- Occupations: Artist and practitioner of net.art

= Mez Breeze =

Australian artist

Mez Breeze is an Australian-based artist and practitioner of net.art, working primarily with code poetry, electronic literature, mezangelle, and digital games. Born Mary-Anne Breeze, she uses a number of avatar nicknames, including Mez and Netwurker. She received degrees in both Applied Social Science [Psychology] at Charles Sturt University in Bathurst, Australia in 1991 and Creative Arts at the University of Wollongong in Australia in 2001. In 1994, Breeze received a diploma in Fine Arts at the Illawarra Institute of Technology, Arts and Media Campus in Australia. As of May 2014, Mez is the only Interactive Writer and Artist who is a non-USA citizen to have her comprehensive career archive (called "The Mez Breeze Papers") housed at Duke University, through their David M. Rubenstein Rare Book & Manuscript Library.

==Work==

"Mez does for code poetry as jodi and Vuk Ćosić have done for ASCII Art: Turning a great, but naively executed concept into something brilliant, paving the ground for a whole generation of digital artists."
— Florian Cramer

Breeze developed, and continues to write in, the hybrid language mezangelle. Her unorthodox use of language demonstrates the ubiquity of digitisation and the intersections of the digital and the real that are increasingly common in 21st century life. As well as creating static literary texts using mezangelle, Breeze also creates multi-disciplinary multimedia works online, and participates in online happenings that blur the lines between on- and off-line behaviour.

===Code poetry===

"These works are not content to let code remain below the surface but rather show it erupting through the surface of the screen to challenge the hegemony of alphabetic language."
— N. Katherine Hayles

Mezangelle is a type of poetry Breeze developed in the 1990s using Internet text language found in ASCII codes, online games, and other forms of Internet communication. For example, Breeze titled her 2022 work "[Por]TrAIts" where the capitalization of AI represents the subject of the book (a collaboration between a human and an AI writer). "Mezangelle" refers both to the works themselves and the hybrid language in which they are composed—codeworks of this sort "playfully utilize programming terminology and syntax" alongside "human-only" or so-called natural language, creating a creolised language that combines human language and code. In these works, the primary message is semantically overcoded in such a way that multiple different readings are made possible. For example, the word 'mezangelle' itself is sometimes written as 'm[ez]ang.elle', which itself demonstrates the ways in which punctuation and non-alphabetical symbols (in this case the period and square brackets) disrupt and erupt through the human readable language. The word "mezangelle", itself a neologism, is fractured into multiple fragments that may allude to the words '"Mez", "ez" (easy), "mangle", "angle", "angel", and "elle", along with many possible others. This hybridisation of human-only and digital languages demonstrates both the reliance of human language upon connotation and context, and the inclusion of code in everyday digital communications.
Breeze also creates games in which texts in mezangelle are combined with images and sound. These works are often fragmentary or chaotic, as they rely both upon the polysemic nature of mezangelle and the inherent possibilities of computer programming for the display of dynamic audiovisual elements.

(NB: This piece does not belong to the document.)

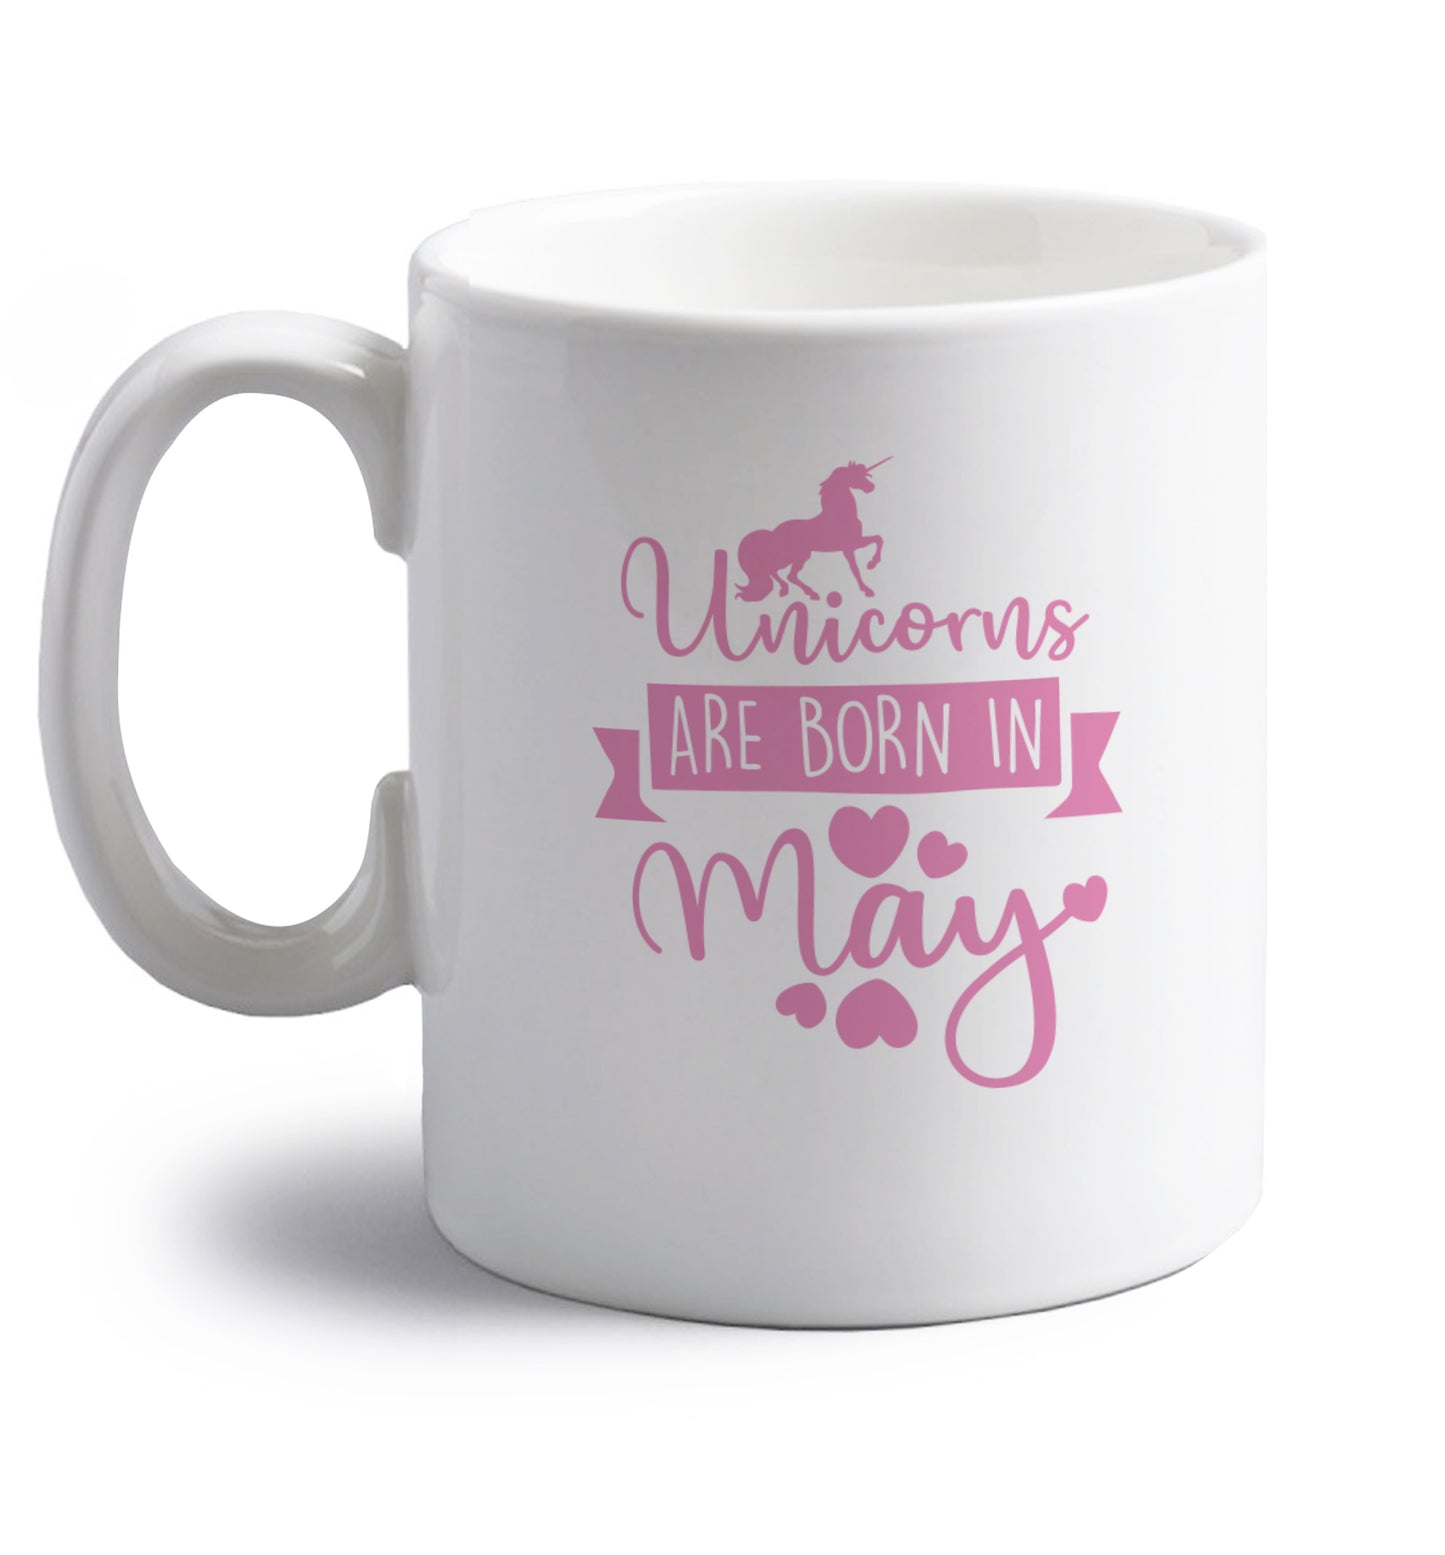 Unicorns are born in May right handed white ceramic mug 
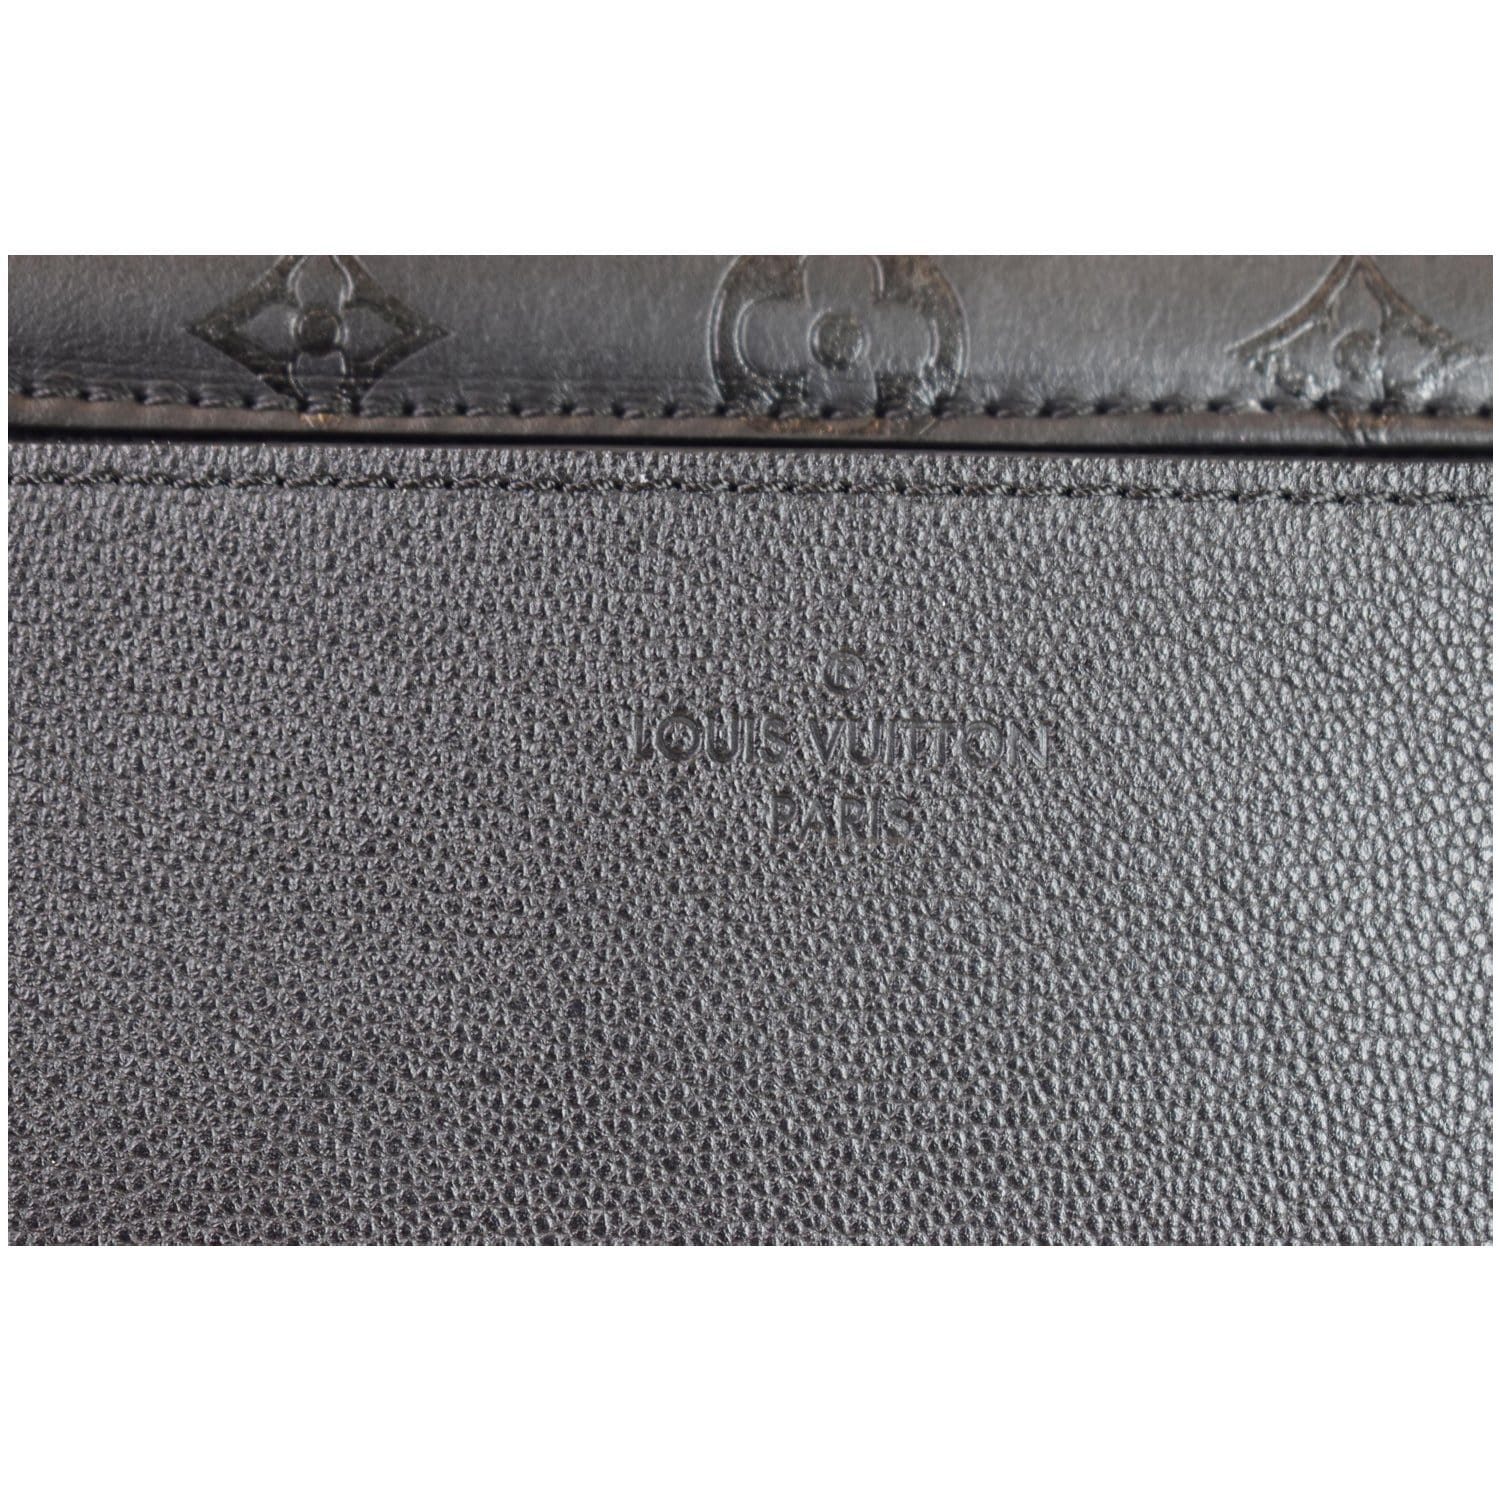 Louis Vuitton Very One Handle Bag Monogram Leather – MET Jewelry

===Online interventions===
Breeze also explores and exploits environments that involve online socialisations or encounters. Such encounters involve the modification of online gaming environments, such as World of Warcraft, EVE Online, and social networking and alternate gaming software. As a member of the online group Third Faction, Breeze has been involved in a number of in-game projects within World of Warcraft, with the aim of disrupting and challenging the combative structure of the game. In this way, Breeze challenges the assumed binary division between the online environment and the real world, and acts to subvert the factionalised “confrontational player-vs-player interaction” that the game world tries to enforce. Breeze's use of multiple avatars for her digital works further emphasises the breakdown of the division between digital and real selves.

===List of works===
- [[V-R-erses An XR Story Series|V[R]erses]] in the New River (Fall 2020). Work is described as a microstory in virtual reality where text nodes are embedded in a three-dimensional form, with a sound loop in the background. Users can control the sequence or leave in an autopilot mode.
- All the Delicate Duplicates (2017) is described as a literary walking simulator game where the reader interacts with objects that have narrative cues.
  1. PRISOM (2013) uses Unity to reflect on social surveillance
- The Dead Tower (212) was a Flash work that used Mezangelle
- <? echo [THE_SIGNIFIER] ?> (2002) Reviewed in I love E-Poetry April 10, 2012
- _the data][h!][bleeding texts_ (2001)
- internal damage report and Fleshis.tics in Cauldron & Net, Volume 2 (1999) Reviewed in I love E-Poetry October 14, 2012
- datahbabee Vs Narrow][B][randing first appeared in frAme 5 from trAce. This work has been preserved in the Next

==Exhibitions==
- Wollongong World Women Online, 1995
- ISEA, 1997 Chicago USA
- ARS Electronica, 1997
- The Metropolitan Museum, Tokyo Japan 1999
- SIGGRAPH, 1999 & 2000
- _Under_Score_, The Brooklyn Academy of Music, USA 2001
- +playengines+, Melbourne Australia 2003
- p0es1s, Berlin Germany 2004
- Arte Nuevo InteractivA, Yucatán Mexico 2005
- Radical Software, Turin Italy, 2006
- DIWO, the HTTP Gallery London, 2007
- Y O U . O W N . M E. N O W . U N T I L . Y O U . F O R G E T . A B O U T . M E. Museum of Modern Art Ljubljana 2008
- New Media Scotland, 2008
- The Laguna Art Museum California and Alternator Gallery Canada, 2009
- Federation Square Melbourne, 2010
- Transmediale Berlin, 2011
- [Por]TrAIts: #AI Characters + Their Microstories [Book 1]’ (2022). Featured in the Future of Text Symposium, London, September 28, 2022.
- International Digital Media and Art Association’s 2022 Weird Media Exhibition, 2022 (Dayforth)

==Awards==
- Marjorie Luesebrink Career Achievement Award (2018)
- VIF Prize, Germany (2001)
- Electronic Literature Organisation Fiction Award Finalist for "the data][h!][bleeding texts" (2001)
- JavaArtist of the Year, Austria (2001)
- Newcastle Digital Poetry Prize, Australia (2002)
- Site Specific Index Page Competition, Italy (2006)
- Burton Wonderland Gallery Winner - judged by Tim Burton, Australia (2010)
- Transmediale Vilèm Flusser Award Nominee, Germany (2011)
- Western Australian Premier's Book Awards Finalist: “Digital Narrative” Category for “#PRISOM” (2014)
- BBC Writersroom/The Space Digital Theatre Competition Finalist (2014)
- Thiel Grant Award for Online Writing Finalist (2015)
- Shortlisted in the “Games Development” Category of the MCV Pacific Women In Games List, which profiles the: “…most influential women across all facets of the Australian and New Zealand Games Industries.” (2015)
- Tumblr International Prize (2015)
- The Space's “Open Call” Commission for “Pluto” (2015)
- Queensland Literary Awards: QUT Digital Literature Award for "V[R]ignettes" (2019)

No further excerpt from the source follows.